The opening-day beer-board at San Diego Brewing Co.’s North Park tasting room (Photo Credit: Kristina Blake)

They were the last to go into H.G. Fenton’s three-suite Brewery Igniter campus, but San Diego Brewing Company (3052 El Cajon Boulevard, North Park) became the second tenant to open last week. The veteran business’ 2,500-square-foot tasting room is open seven days a week and accepting all comers. The beer flowing from its 15 taps is a mix of longtime staples such as Blueberry Wheat, Old Town Nut Brown and Google-search darling San Diego IPA, as well as newer creations like Pale In Drop D session ale and Black Orchid imperial chocolate milk stout.

Head brewer Jeff Drum opened with one entirely new beer on-tap, a Scottish Ale called 80 Shilling (named for its alcohol-content per historic Scottish practices). He has another beer in development which he plans on debuting at the new space, an IPA called Shadow Fall. In addition to all that ale, San Diego Brewing’s satellite also serves house-made root beer and a pair of kombuchas, one of which is pumpkin pie-flavored and served on nitro.

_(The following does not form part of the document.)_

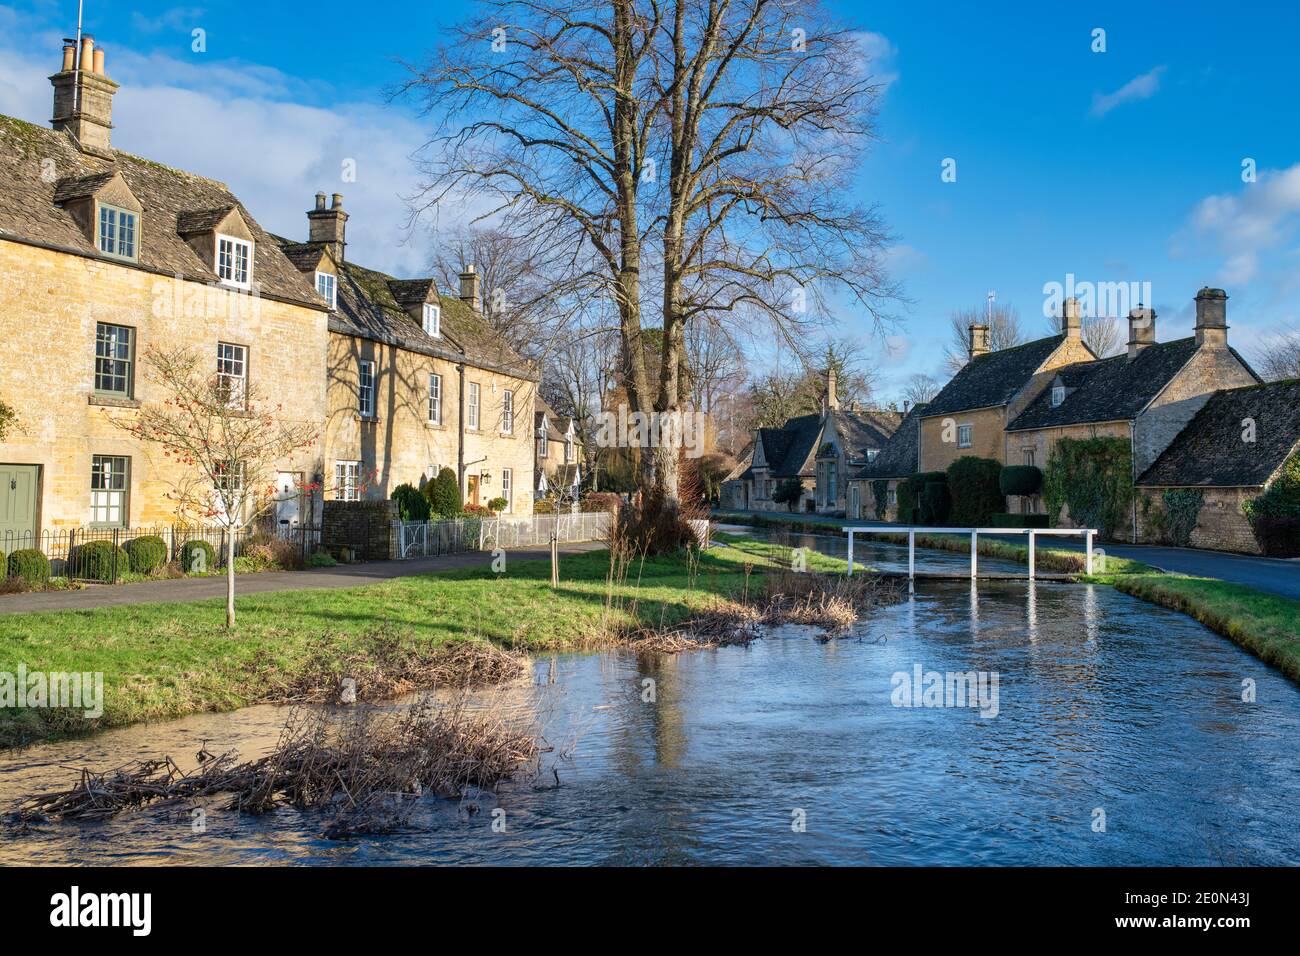 Fiume occhio alti livelli d'acqua nel villaggio di cotswold di macellazione inferiore la vigilia di Natale. Lower Slaughter, Cotswolds, Gloucestershire, Inghilterra Foto Stock

The North Park facility is equipped with a 10-barrel brewing system Drum uses to double-batch into 20-barrel fermentation and conditioning tanks. The tasting room is open to the public from 4 to 9 p.m., Monday through Thursday, 3 to 10 p.m. on Fridays, noon to 10 p.m. on Saturdays and Sundays from noon to 9 p.m. An official grand-opening event will take place from 12 to 4 p.m., Saturday, January 28 and feature brewery tours, a raffle and food from various mobile vendors. The space is kid- and dog-friendly with a large-screen TV to occupy the former…and their parents.